▶ **EXERCISE OBJECTIVE**:
Repeat exactly the stretch of lines that starts with the one containing "У Путина заявили, что" and ends with the last line of the material. Leave out pictures.

▶ **DATA PROVIDED**:
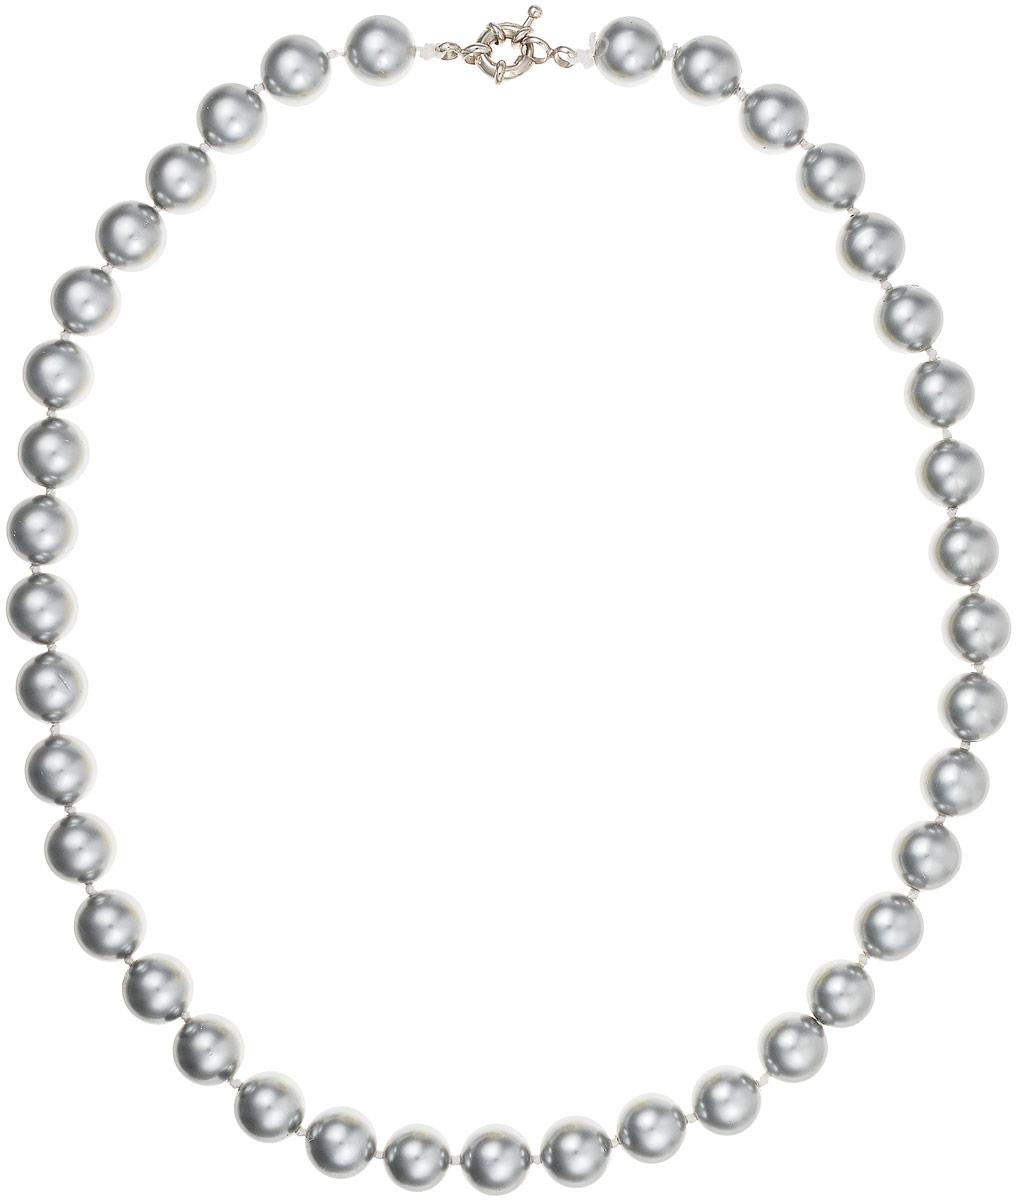 Бусы Art-Silver, цвет: серебристый, длина 50 см. МАЙ31045-432МАЙ31045-432Бусы Art-Silver выполнены из имитации жемчуга, нанизанного на текстильную нить. Украшение дополнено крупным удобным шпренгельным замочком из бижутерного сплава. Бусины диаметром 8 мм выполнены в оригинальном серебристом цвете. Материал бусин по свойствам и виду максимально близок к натуральному жемчугу.
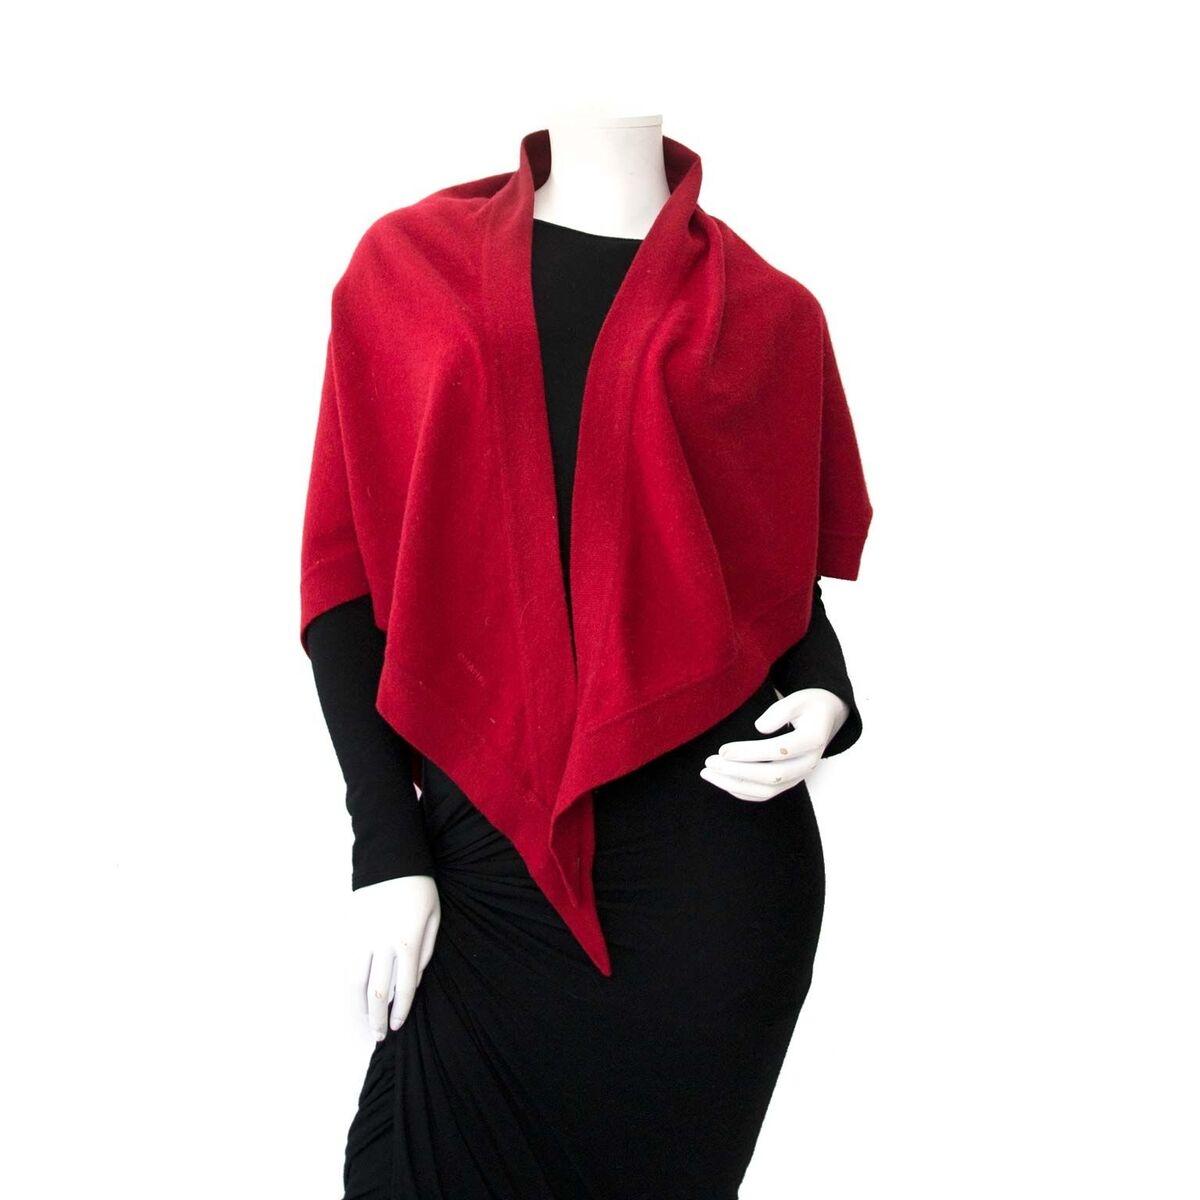 Koop authentieke tweedehands Chanel Sjaal aan een eerlijke prijs bij LabelLOV. Veilig online shoppen.
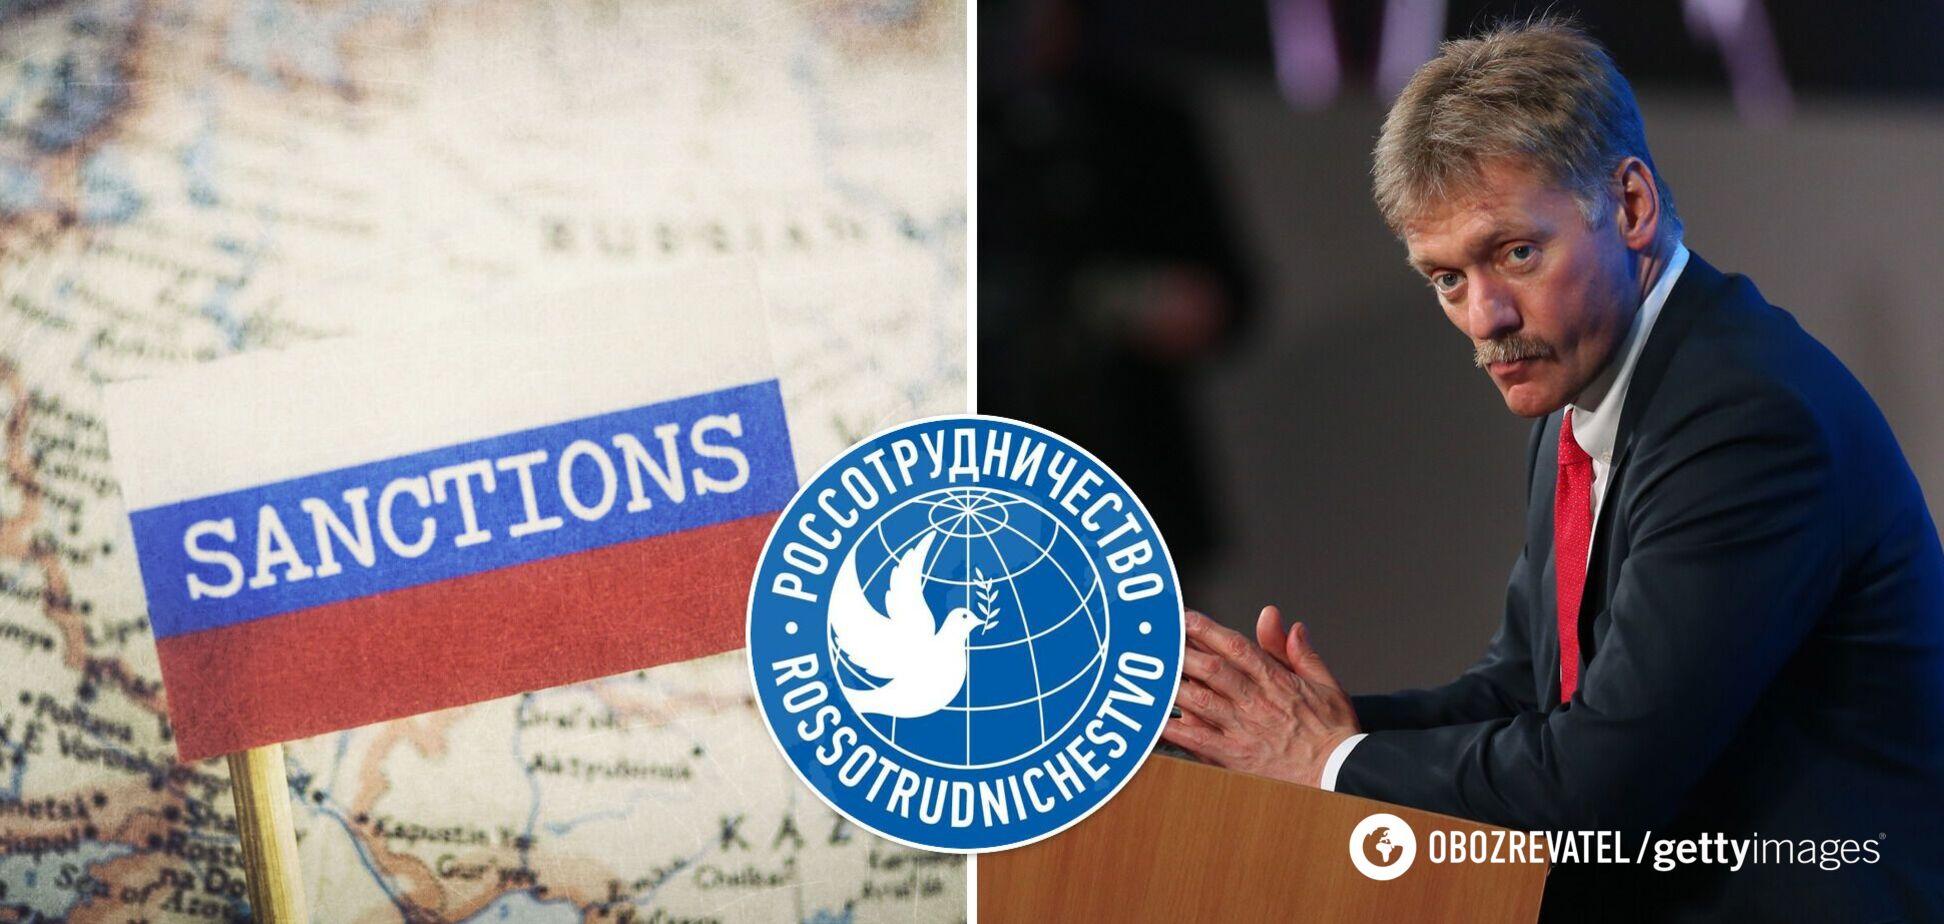 У Путина заявили, что скоро 'разорвут вообще все с Украиной'
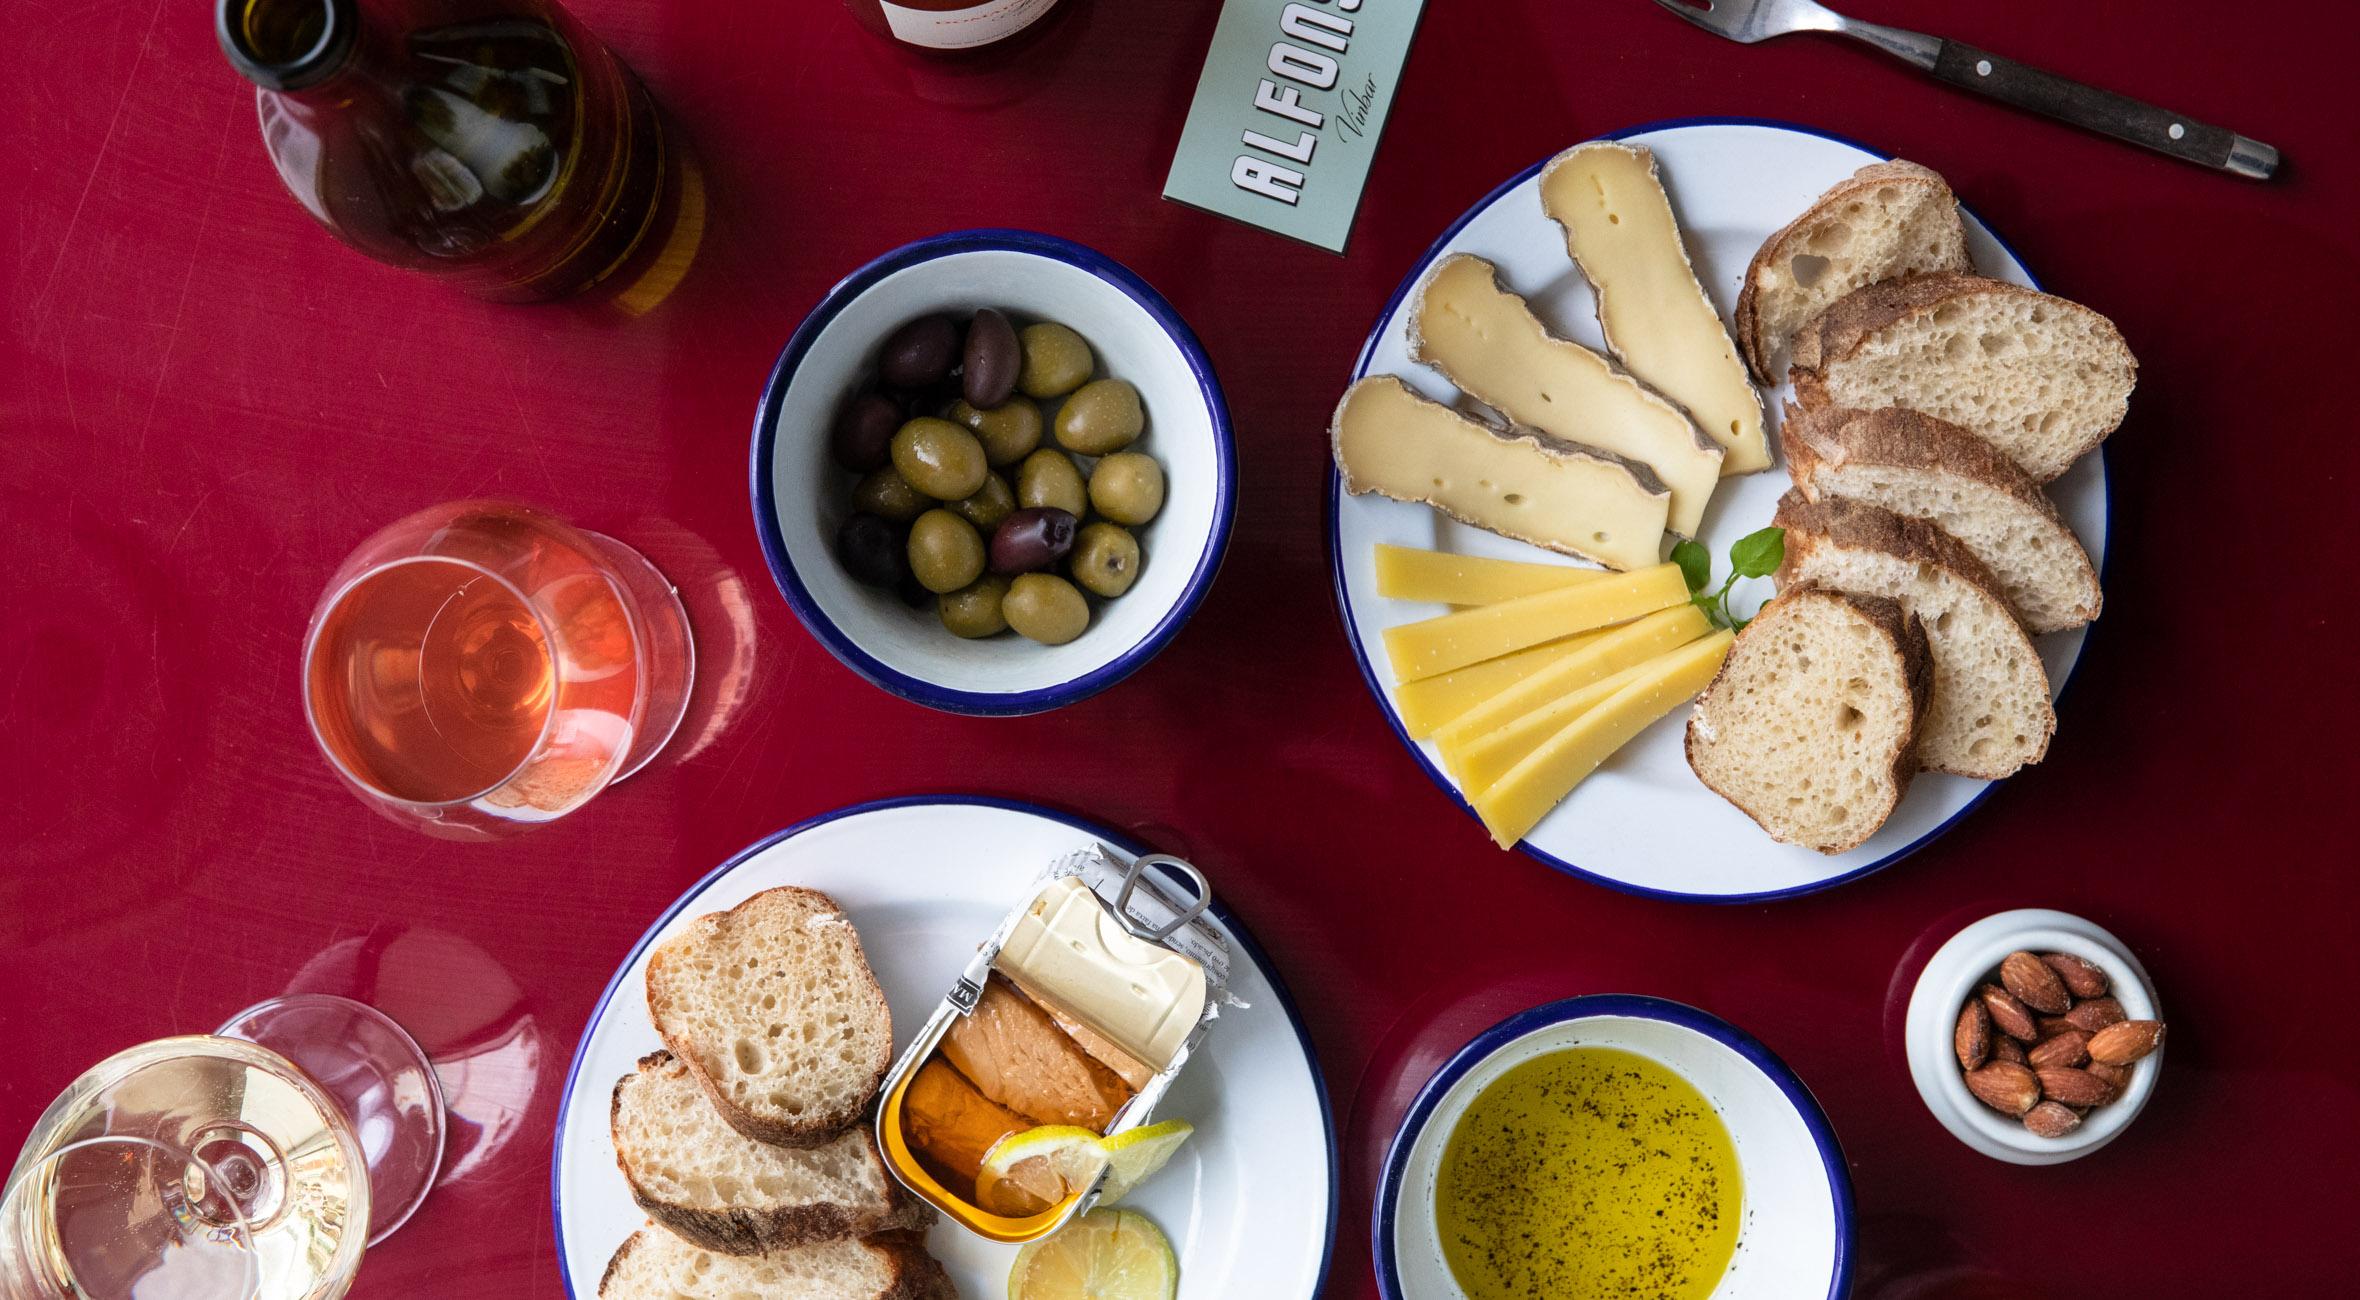 Frit valg til alt hos Alfons' – Hip vinbar pimper alt fra klassisk Nebbiolo til Riesling og funky naturvin over for Kødbyen

▶ **TASK SOLUTION**:
 У Путина заявили, что скоро 'разорвут вообще все с Украиной'
 Frit valg til alt hos Alfons' – Hip vinbar pimper alt fra klassisk Nebbiolo til Riesling og funky naturvin over for Kødbyen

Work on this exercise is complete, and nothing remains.